As 35 questões da tabela 1 correspondem a um universo de 900 questões exigidas no ENEM de 1998 a 2011. Cabe salientar que no ENEM de 1998 a 2008 foram exigidas 63 questões de múltipla escolha, das mais diversas disciplinas escolares. Já nos ENEM de 2009 a 2011, foram exigidas 45 questões de Ciências da Natureza (compreendendo as disciplinas de Física, Biologia e Química).

 

 

Ao analisar os escores aplicados nas provas ENEM, notou-se que das 35 questões encontradas no ENEM contendo algum conteúdo de biologia celular, 27 questões (77,14%) contextualizavam com algum fenômeno biológico associado com o cotidiano do aluno ou com temas da biotecnologia, da genética e da microbiologia.

Nesta contextualização de conteúdos de biologia celular associados a fenômenos biológicos, sempre se exigia questões com incentivo ao raciocínio através da resolução de problemas.

Além disso, as questões de biologia celular continham tabelas, gráficos e análise de fenômenos. Isso configurou que essas perguntas incentivaram a resolução de problemas. Esse incentivo corroborou as conclusões obtidas por Fini (2005). É válido destacar que o incentivo à resolução de problemas não é exclusivo dos conteúdos de biologia celular, pois Amorim (2009) também diagnosticou esse incentivo nas questões de matemática do ENEM.

Algumas questões exigiram a interpretação de novos conceitos da biologia, como a clonagem e os transgênicos. De maneira particular, as questões do exame do ano de 2002, todas receberam o escore 3 (tabela 1), pois essas questões continham, em seus enunciados, dados na forma de gráficos e conteúdos com outros subtemas da biologia, como a genética.

Apesar de nossa pesquisa analisar apenas as questões contendo algum conteúdo de biologia celular, observamos que a maioria delas não exige alto grau de abstração ou análise mais complexa desse conteúdo, o que confirma os resultados obtidos por Fini (2005), o qual afirmou que a maioria das questões exigidas no ENEM são itens fáceis e médios nas suas resoluções.

3.2 Habilidades e interdisciplinaridade

Inicialmente, a principal competência (BRASIL, 2009) exigida nas questões contendo algum conteúdo de biologia celular foi a competência 4 (tabela 3), pois se notou que muitas questões envolviam a compreensão e o reconhecimento de mecanismos de transmissão da vida, como o DNA, e a interpretação de fenômenos relacionados a particularidades dos indivíduos, principalmente o ser humano.
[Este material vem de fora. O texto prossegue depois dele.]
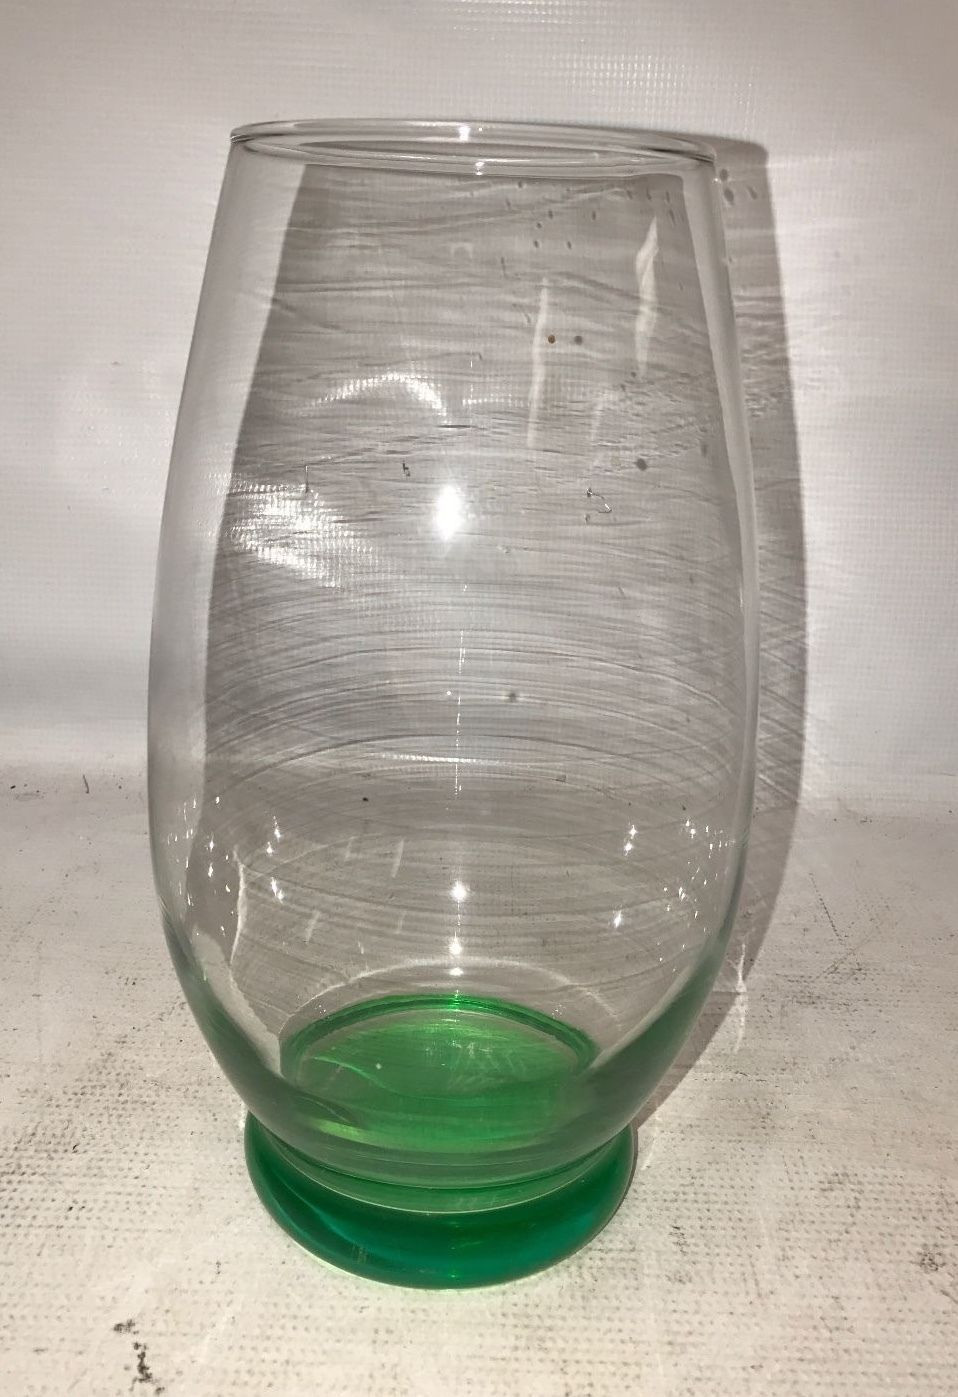 14 Recommended Wide Neck Glass Vase 2024 free download wide neck glass vase of pretty green glass bottom vase basin shape nice look wide regarding pretty green glass bottom vase basin shape nice look wide mouth s

Outra competência importante, não tanto quanto a competência 4, foi a de número 8 (tabela 3), a qual o estudante se apropriava dos conhecimentos de biologia em situações problemas e planejava intervenções. Essa competência é importante para o estudante, na qual ele compreende conceitos de biologia e os utiliza na análise de um determinado fenômeno biológico, fazendo relações com o ambiente. Esse fenômeno biológico pode ter aspectos relacionados com o cotidiano do aluno.

 

 

 

 

As questões as quais contêm alguns conteúdos de biologia celular envolveram algumas habilidades (tabela 2) da nova matriz de referência do ENEM (BRASIL, 2009).
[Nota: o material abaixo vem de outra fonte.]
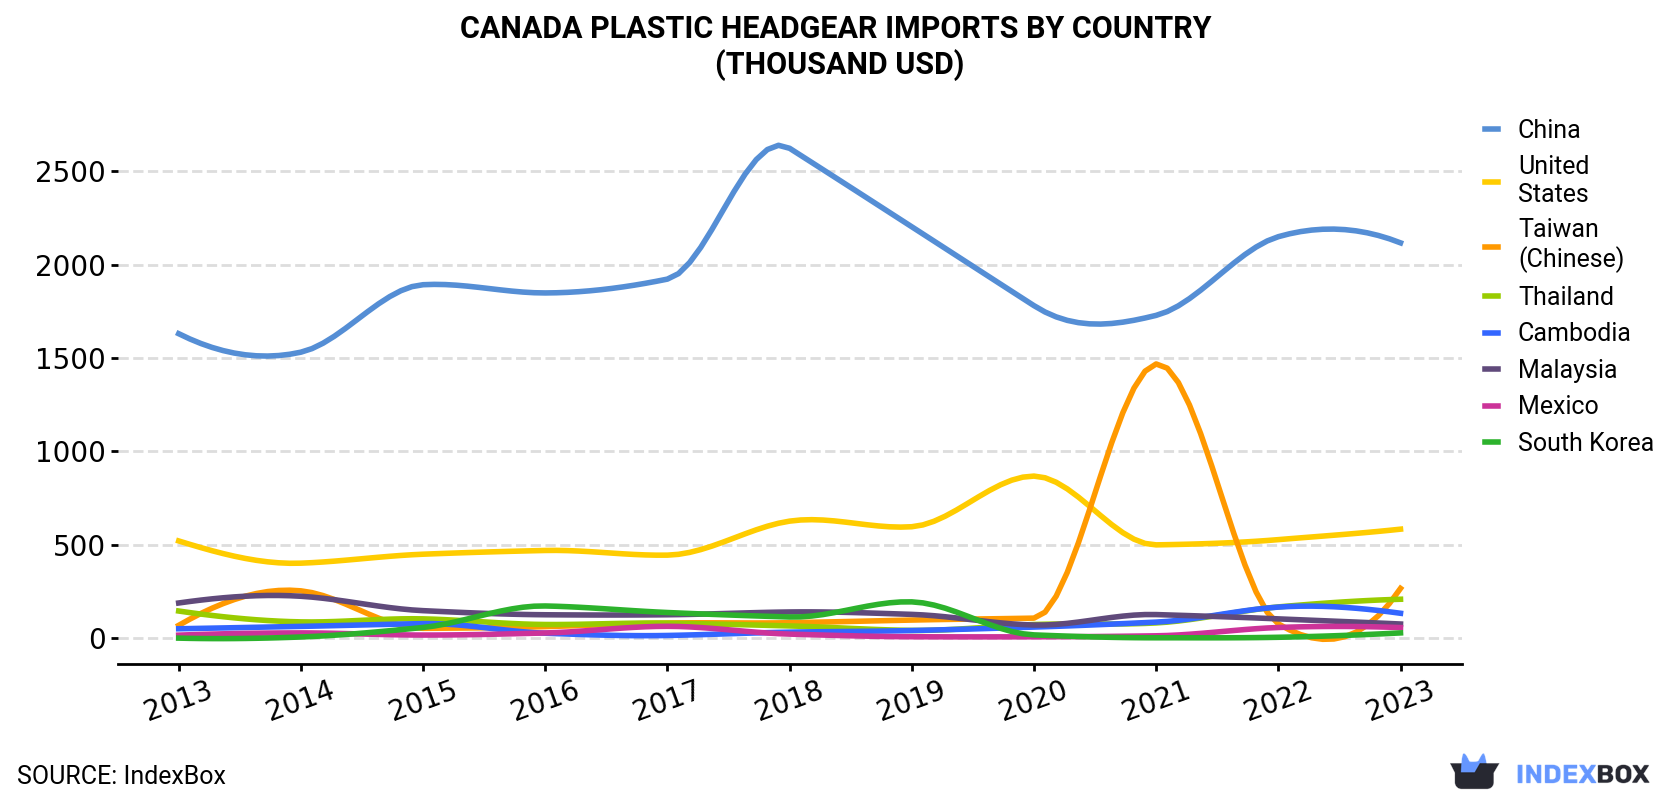 Canada Plastic Headgear Imports By Country (Thousand USD)

Em seguida, estão destacadas três questões contendo conteúdos de biologia celular e as habilidades envolvidas nessas questões.

Questão 18 (ENEM - 2003):

Na embalagem de um antibiótico, encontra-se uma bula que, entre outras informações, explica a ação do remédio do seguinte modo:

"O medicamento atua por inibição da síntese proteica bacteriana"

Essa afirmação permite concluir que o antibiótico

A) impede a fotossíntese realizada pelas bactérias causadoras da doença e, assim, elas não se alimentam e morrem.

B) Altera as informações genéticas das bactérias causadoras da doença, o que impede manutenção e reprodução desses organismos.

C) Dissolve as membranas das bactérias responsáveis pela doença, o que dificulta o transporte de nutrientes e provoca a morte delas.

D) elimina os vírus causadores da doença, pois não conseguem obter as proteínas que seriam produzidas pelas bactérias que parasitam.

E) interrompe a produção de proteína das bactérias causadoras da doença, o que impede sua multiplicação pelo bloqueio de funções vitais.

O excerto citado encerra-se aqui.